They reckoned that in the wintertime, it was cold, see, and these fellas who used to hunt up in the bush, they brought some things down, clothing and stuff (yongka booka [kangaroo skin cloaks]). These fellas only used to stay for a little while, while the ceremony was there and they used to exchange things, you know?
Noongar Elder Sealin Garlett in Collard, Harben and van den Berg, ‘Nidja Beeliar Boodjar Noonookurt Nyininy’ website, 2004

Noongar Trade

Much of the trade that took place between the different Noongar groups was very dependent on the six Noongar seasons. One of the most well known Noongar trade fairs or meeting place was in Pinjarup Noongar budjar. It was known as the Mandura (Mandurah derives its name from this activity) which was a type of fair or meeting place where goods or presents were exchanged amongst the Noongar in the south-west during the Bunuru or summer season. Noongar from different areas brought their goods here for exchange.[iii] Daisy Bates records that Goonininup or Crawley Bay was a key camping place on a major trade route used by Nyungar travelling from other areas to Perth in order to trade for the highly demanded wilgi (red ochre).[iv]

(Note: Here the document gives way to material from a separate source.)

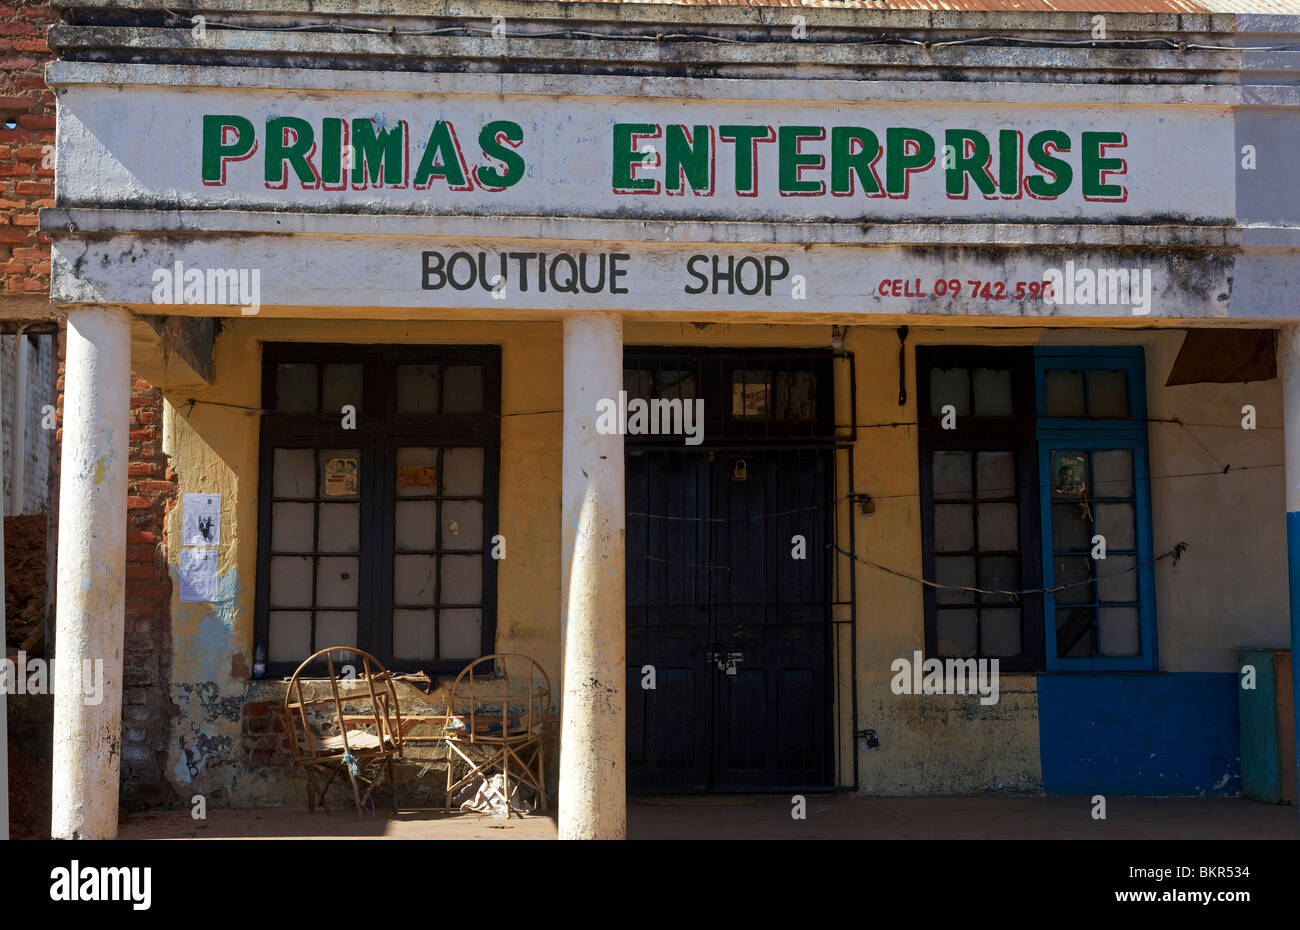 Malawi, Zomba. Ramshackle 'Boutique' shop in the centre of Malawi's fomer capital of Zomba Stock Photo

Pinjarup Noongar would trade the following items at the Mandura:

Burdun: a light gidgee, highly prized for the elasticity of the timber.
Durda-dyer: a skin of a dingo tail, worn on the upper part of the forehead as an ornament.
Ngow-er: a small tuft of feathers tied to a stick and worn in the hair for ornamentation.
Niggara: a human hair girdle worn around the waist. • Nulbarn: a rope-like girdle made from possum hair, wound around the waist and used to carry the kylie (boomerang), tabba (knife), kodja (axe or axe heads) and the dowak (throwing stick). This rope was also used to tie up wounds.
Tabba: a knife made of sharp pieces of quartz connected to a short wooden stick, as thick as a thumb, by kodja or blackboy tree gum.
Wilgi: ochre used dry or mixed with grease for protection from the elements such as the sun and flies or mosquitoes. Also used during ceremonies.

Pibelmun Noongar would trade local goods such as:

Booka/Boka/Bwoka: yongka (kangaroo) skin garment made from several skins of the female kangaroo and used for warmth and protection from the rain in winter.
Burdun: a light, straight spear made from the mungurn (swamp wattle) collected from the local swamps.
Choota: A possum or kangaroo skin bag used by the women to carry children or food collected while travelling between campsites.
Gidgee-borryl: the dreaded quartz edged spear which in post-settlement times was glass tipped. It was up to ten feet long and about one inch in diameter and made from the mungurn (swamp wattle). This spear was made in the Ellensbrook and Wonnerup areas.
Miro: the name of the south-west spear thrower used by Noongars to propel the aim of the gidjee.
Weja: emu feathers used as ornamentation at ceremonies.
Wonna: the women`s digging stick was about six feet long and and as thick as a broom handle. It was made from peppermint shafts. The wonna was fired for hardness and was used for digging, killing animals and fighting with other women. The wonna was always traded by women at the Mandura.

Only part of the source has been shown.